Examples of these nutrients include: calcium, sodium, iron, copper, selenium, molybdenum, potassium and zinc. Studies show there are many people deficient in these minerals.

The intensification of agricultural practices has led to a decline of between 25% to 75% in the levels of key mineral nutrients in farmed vegetables over the last 60 years.

Vitamins too have disappeared from much of our industrially produced food. The Recommended Daily Allowances (RDA) of vitamins are often published on food packaging. These are rough guides, as individual needs for these vitamins vary. People with certain diseases might need more, or less, of certain vitamins and trace elements and pharmaceutical medicines can also alter how a vitamin works.

Different groups of people may need higher amounts of certain vitamins, for example:

  • children (vitamin D)
  • pregnant women (folic acid)
  • older people (vitamin D)
  • smokers (vitamin C)
  • people who consume a lot of alcohol (thiamine)
  • vegetarians and vegans (vitamin B12)

RDA amounts vary between countries and are often updated, so please check locally for your RDA amounts. Recent government policy in Britain and the US recommends we should eat a minimum of five or six fruit and vegetable types in any given day for our RDA’s.

The British Dietetic Association’s survey shows that the average British diet includes only 3.3 portions of fruit and vegetables a day. The Scottish consume 2.7 portions a day while the Irish get only a measly 2.3. This research disregards not only the quality and authenticity of the food but also the method of preparation. Research from Spain suggests that the quality of food and its method of preparation are as important as the amount of fruits and vegetables eaten. This is because nutrients in food are often destroyed during industrial preparation and even in domestic cooking processes.
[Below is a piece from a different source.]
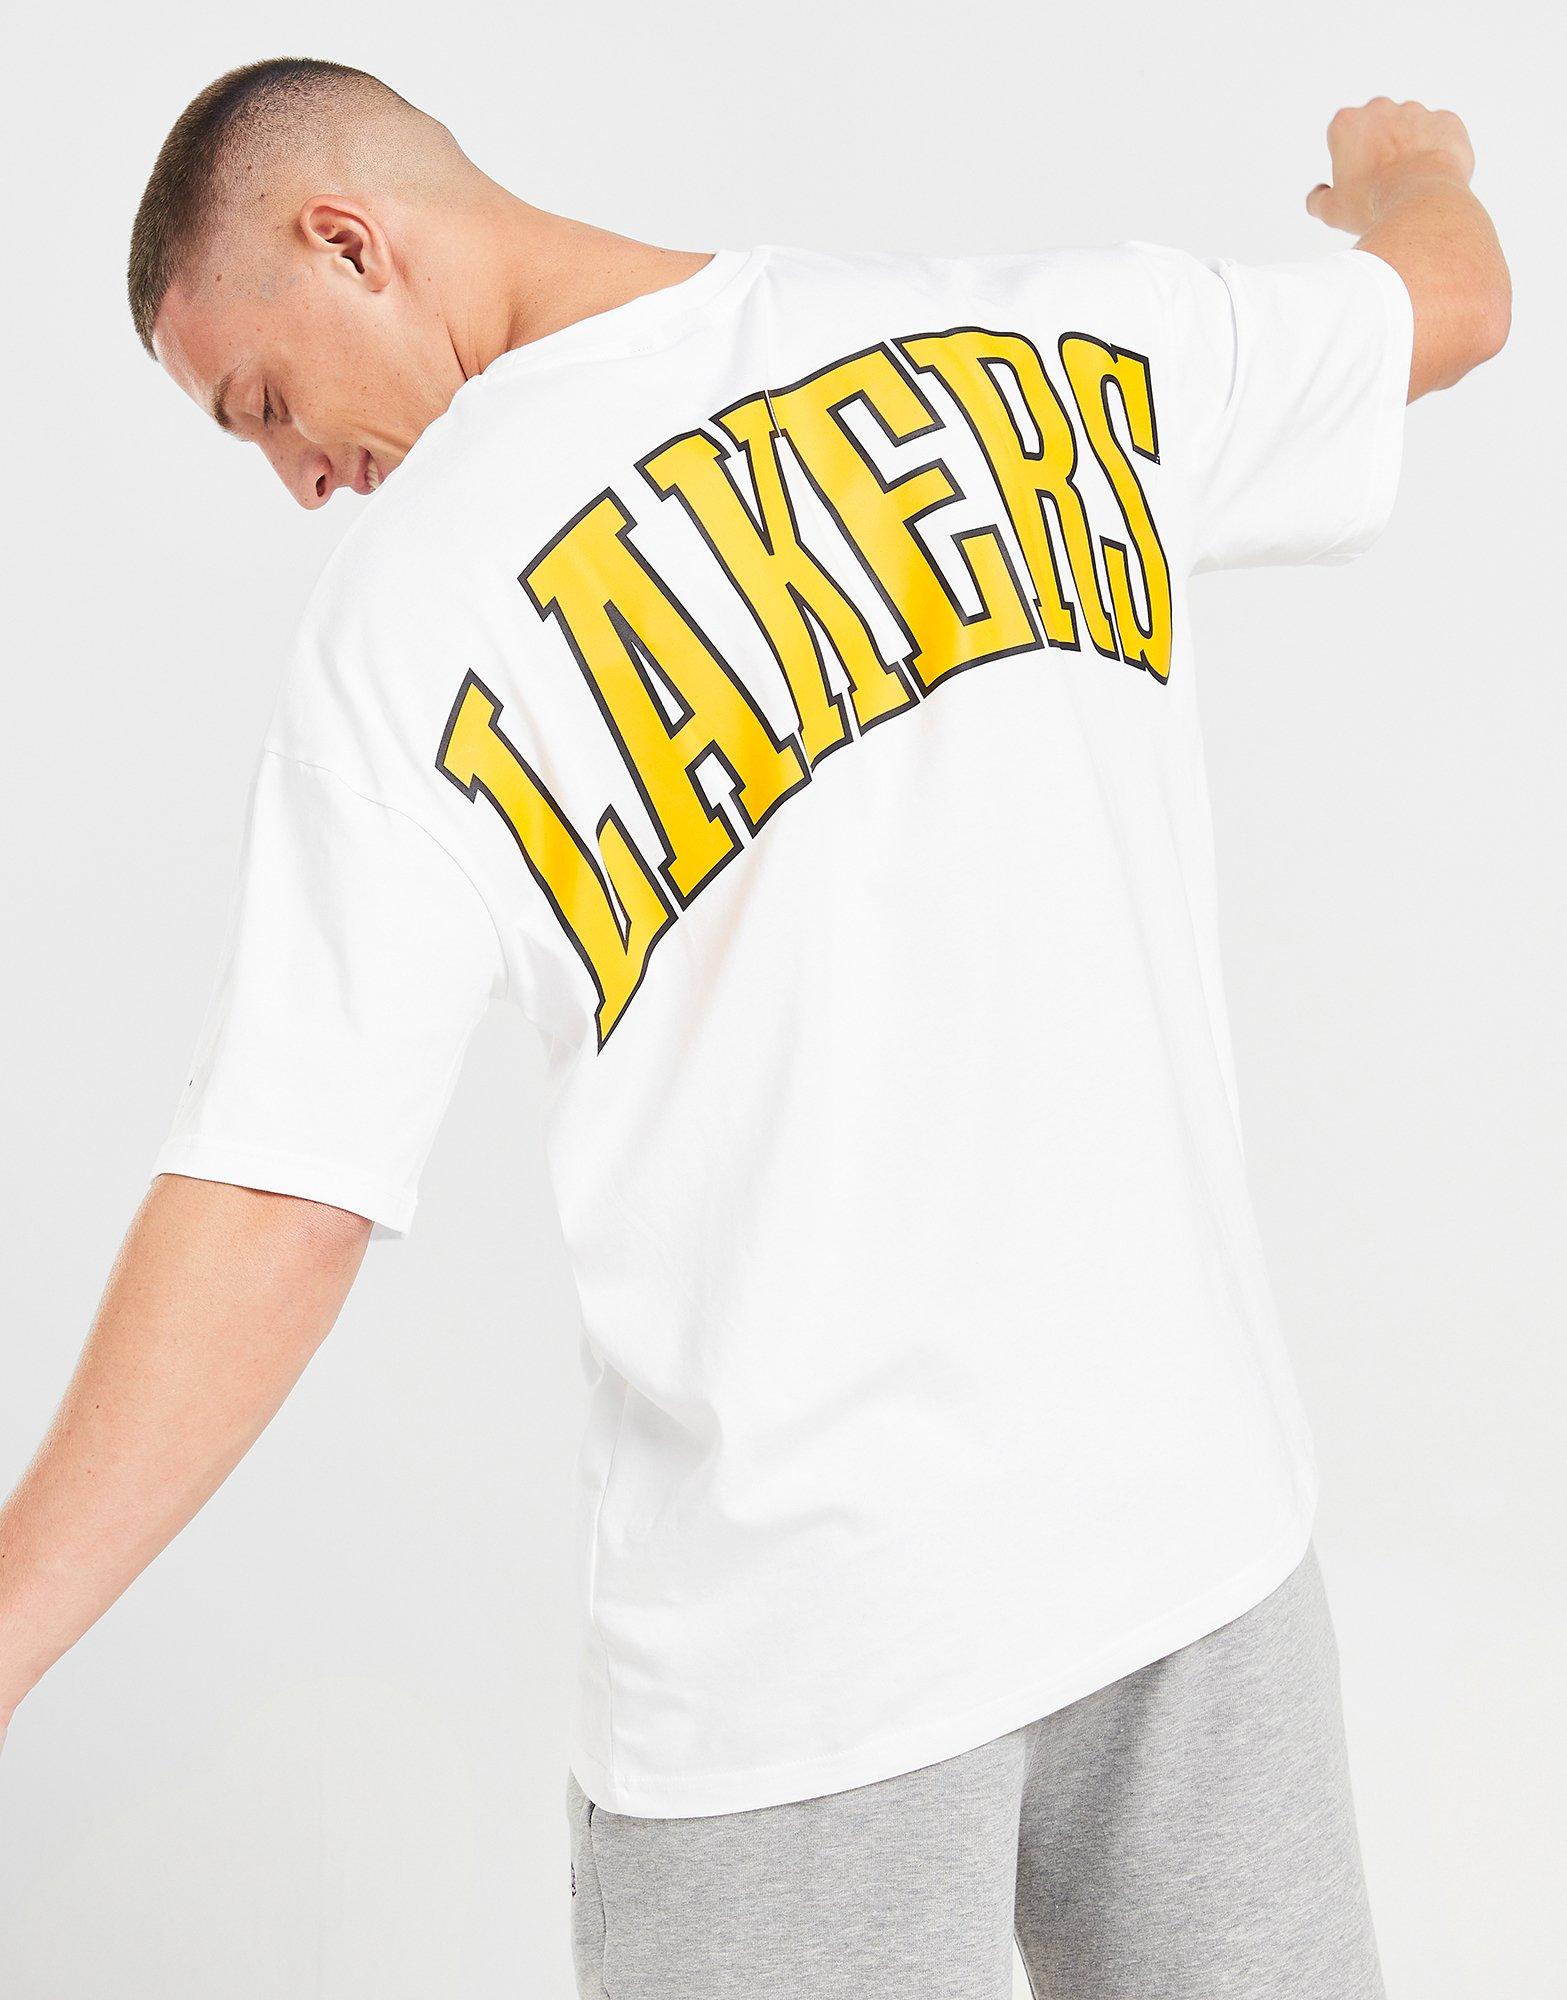 Los Angeles Lakers Laker Girls Cheerleader Tank Dress - Tank Dress Outfits  
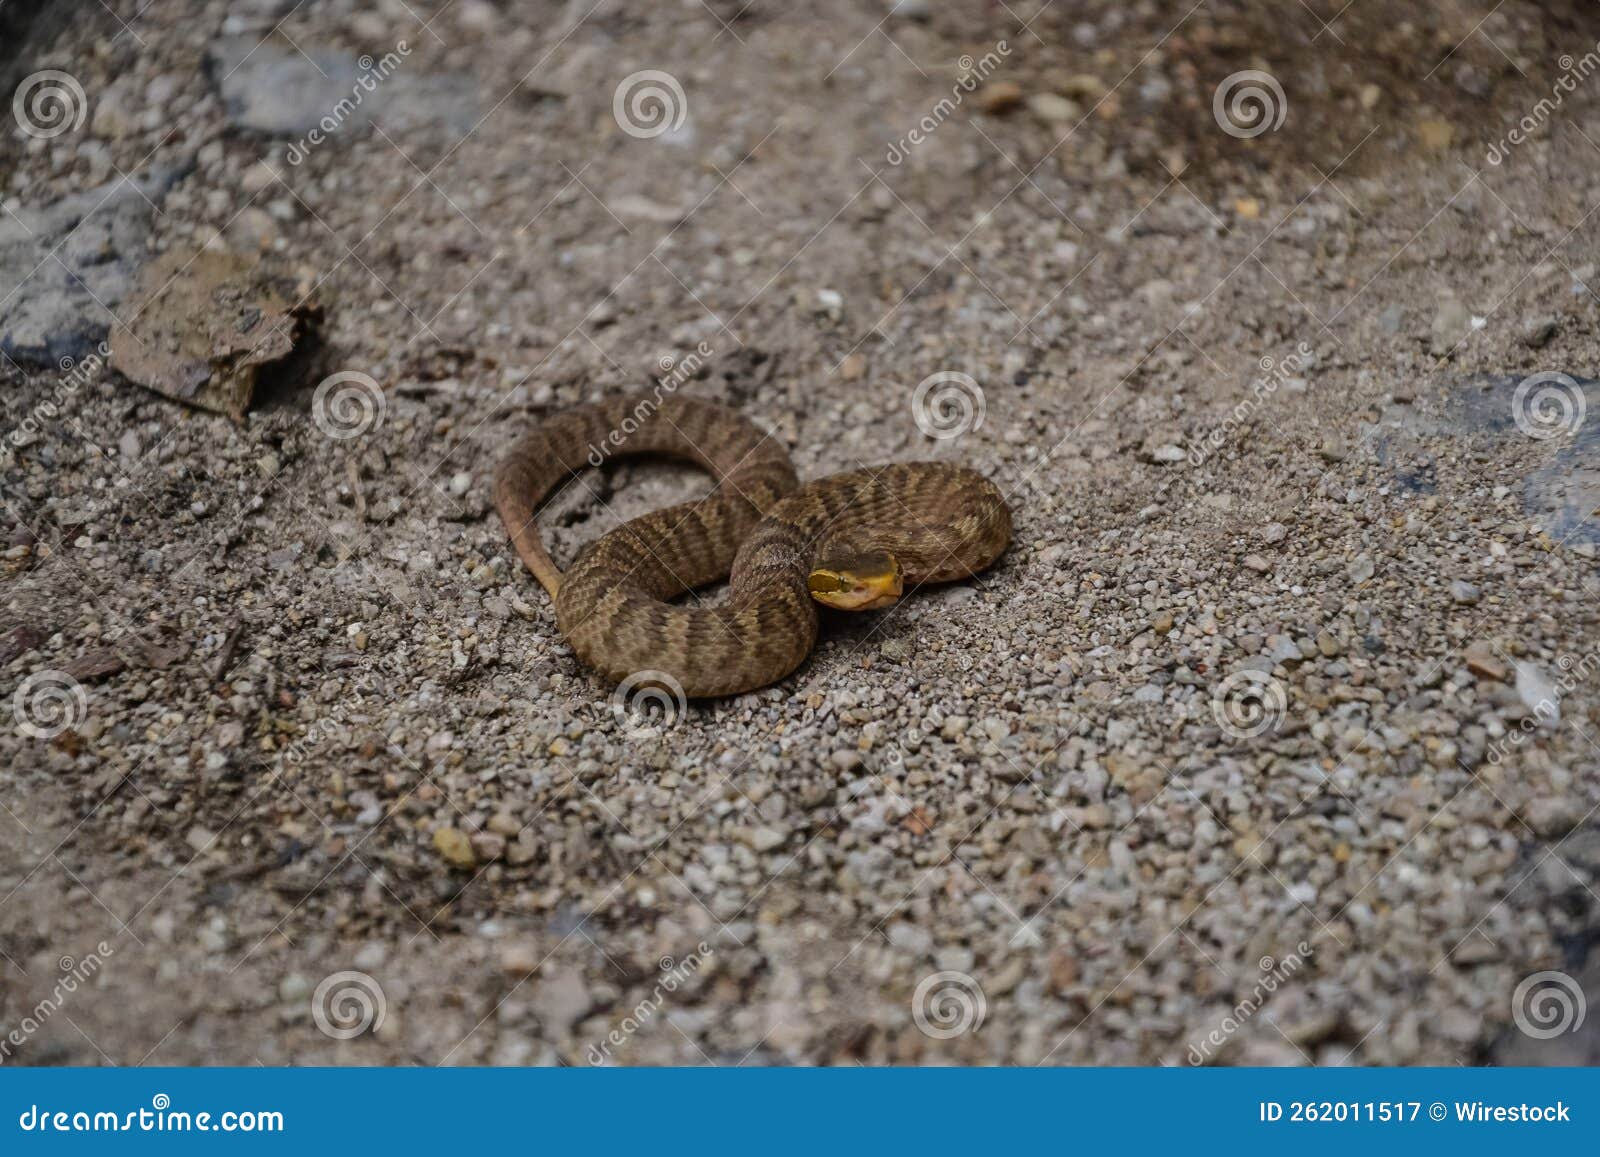 snake on the ground in byeonsan-bando national park, south korea.

Even if we can source quality food with its nutrients still intact, cooking it often destroys the useful content. Studies show that fresh, uncooked vegetables strengthen the immune system and increase resistance to many diseases. For example tests in Spain measured the levels of flavonoids left in fresh broccoli after it was cooked. The results show large differences in flavonoid content according to how the broccoli was prepared.

  • boiling – 66% loss
  • pressure-cooking – 53% loss of major antioxidant
  • steaming – minimal loss of antioxidants
  • microwaving – 97% loss of flavonoids

Scientists in Finland found that blanching and deep-freezing vegetables also destroyed beneficial compounds.

Far from using the fantastic potentials of food to maintain health, our cultures have turned it into something dangerous. Poor growing and storing and unhealthy cooking practices leave many of our meals with dangerously low levels of nutrition. When plastic packaging is added and a ‘ready meal’ is microwaved, we consume something that is far from nutritious and may actually be harmful.